As long as it isn't lingerie Rowe...he shouldn't get upset







That's the only thing he needs to be the first to see







My father always complained when my mom bought something...and she barely ever bought herself anything. For many years she didn't work, but that was what my father wanted...and even when she did, she didn't make much. This was not a woman that bought extravagant things either...she only buys things on sale...so to hear my dad ###### about it used to really anger me. Now that I am married I keep my money separate, in my own account. I pay for my things, he pays for his. I pay fewer bills than dh, but I don't make as much as he does and my money goes for groceries and stuff....but I have no desire to get a joint account. I don't want to have to ask if I want to buy something...and I don't want him to have to feel he has to ask me. Could you maybe put some of you money in another account for yourself? Either that or maybe ignore him, or tell him if he wants to see the outfits on you first he should start buying you some







.


----------



## Rowe2 (Sep 26, 2002)

Sugarbabydoll..he does want to control me. If I go anywhere, and I'm longer than he thinks I should be he questions why it took so long. I've never given him a reason to think I would be unfaithful. Never! He has me, but I haven't. IH8..
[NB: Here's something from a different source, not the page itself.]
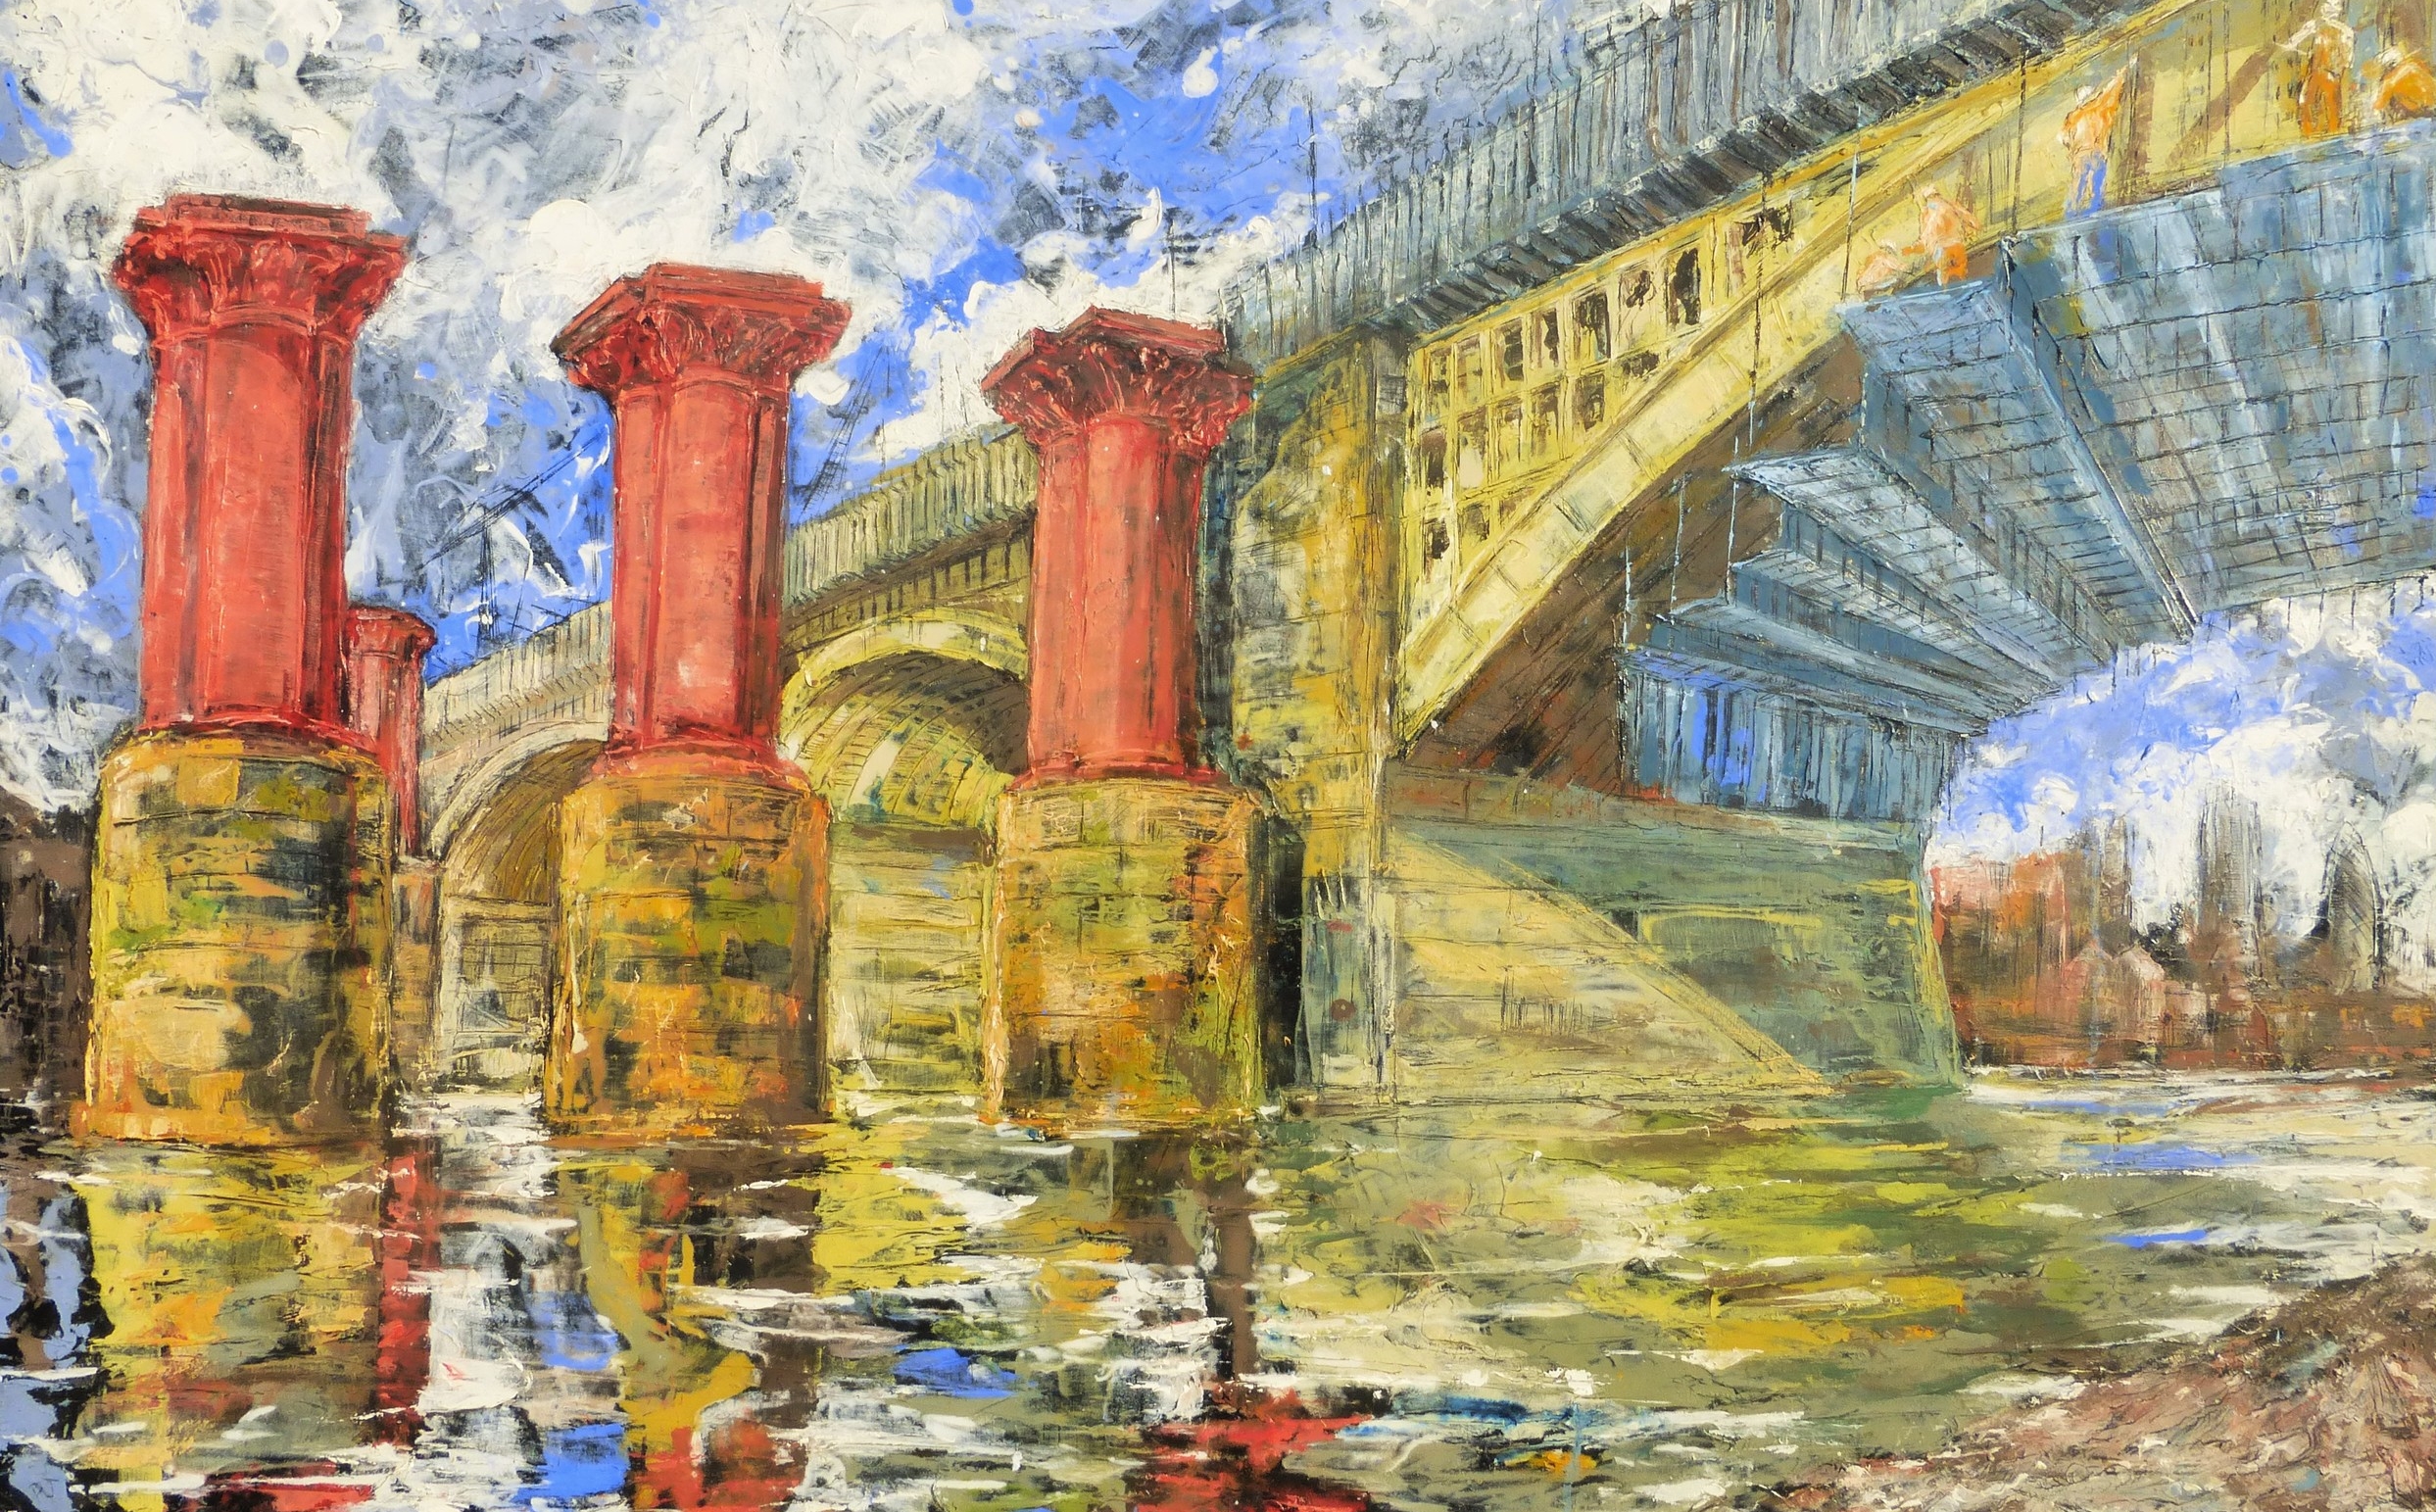 Blackfriars Bridge, Thames, London. Oil on canvas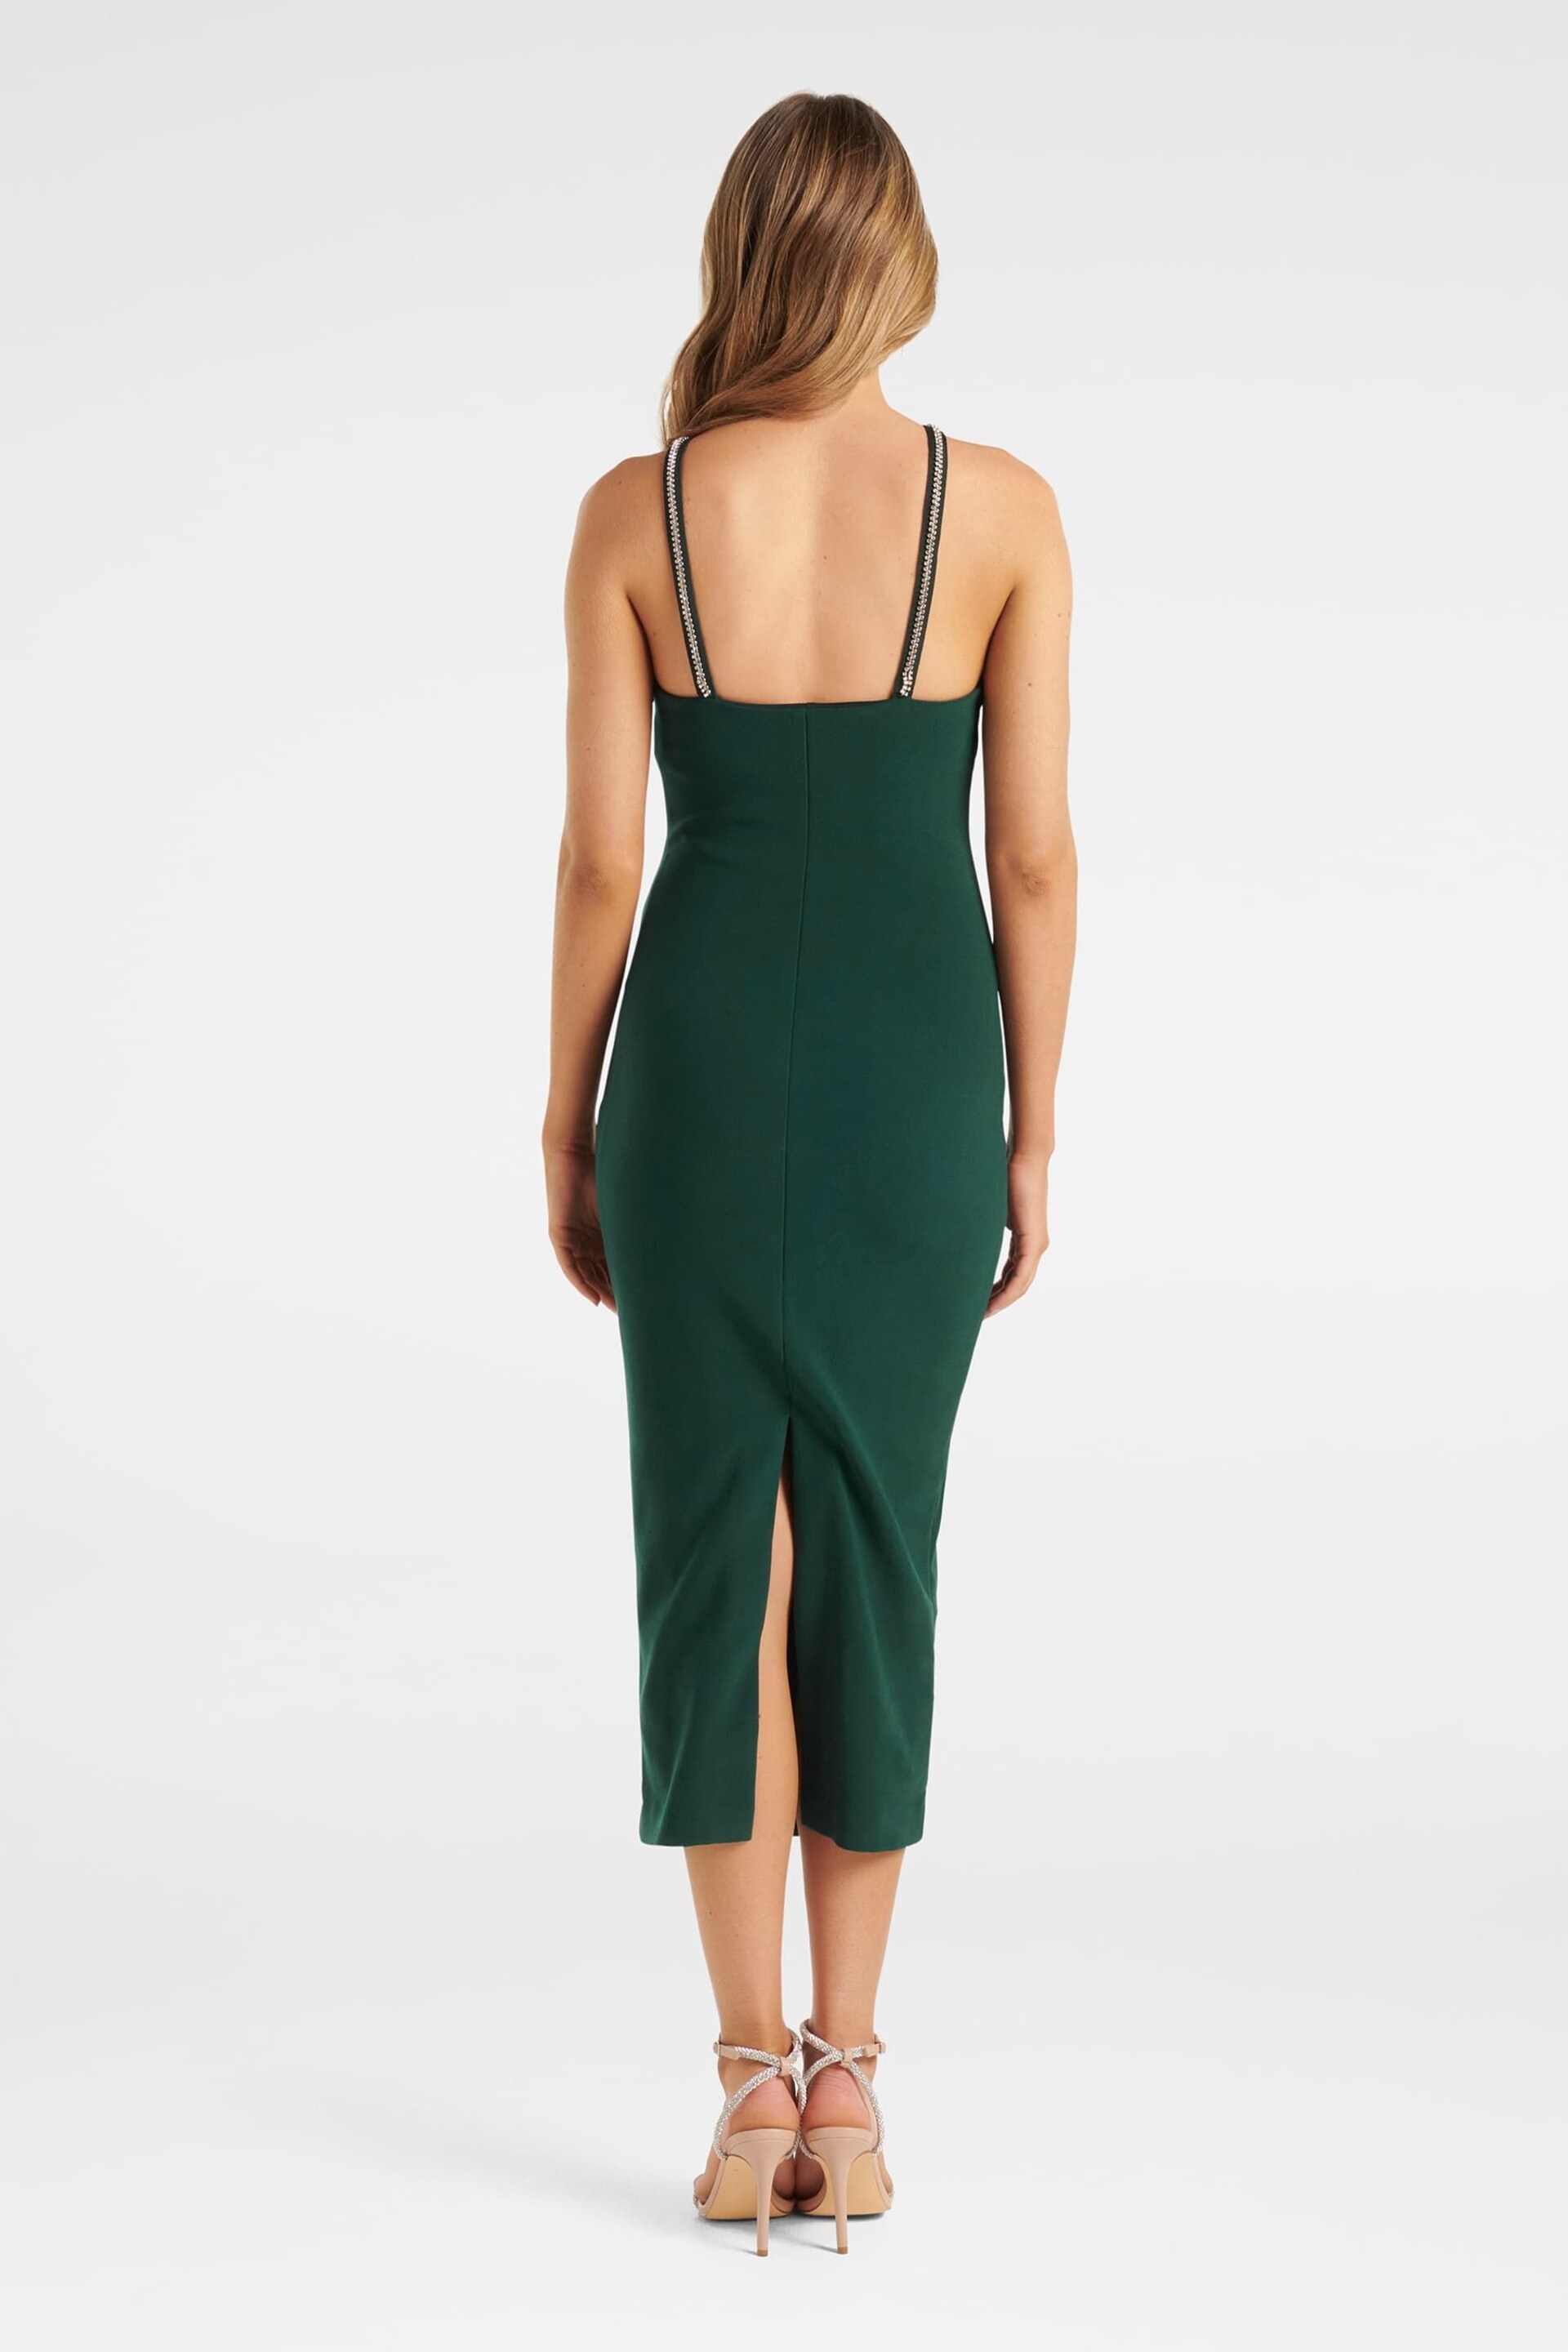 Forever New Green Gwen Arrow Neck Trim Bodycon Midi Dress - Image 2 of 4

Too funny..He does throw it up to me I don't wear lingerie he has bought, but the last time I put one on, I walked in front of him and he looked at me like he was interested. I then went to the bedroom, and he continued watching t.v. until the movie went off about 30 mins. later! By that time, I was sleepy and so out of the mood. I also felt stupid.I just never thought we would be going through the problems we seem to have lately.


----------



## pffft (Feb 21, 2005)

wow. sounds like a control issue. i dont understand this obsession he has. have you two ever talked about it? perhaps you can humor him by letting him purchase outfits he sees on you first, and then you buy whatever you want with your money. if he wants to be so controlling, he can at least pay for it!







seriously, though. there must be other stuff going on. talk to him about it - or find a therapist to help moderate discussions between the two of you.take care


----------



## Rowe2 (Sep 26, 2002)

I can't think of anything that would cause this problem. It's been going on since we've been married, and that is six years. He will go a while without saying much, and all of a sudden it seems to be such a big huge issue..I'm so confused..


----------



## Kathleen M. (Nov 16, 1999)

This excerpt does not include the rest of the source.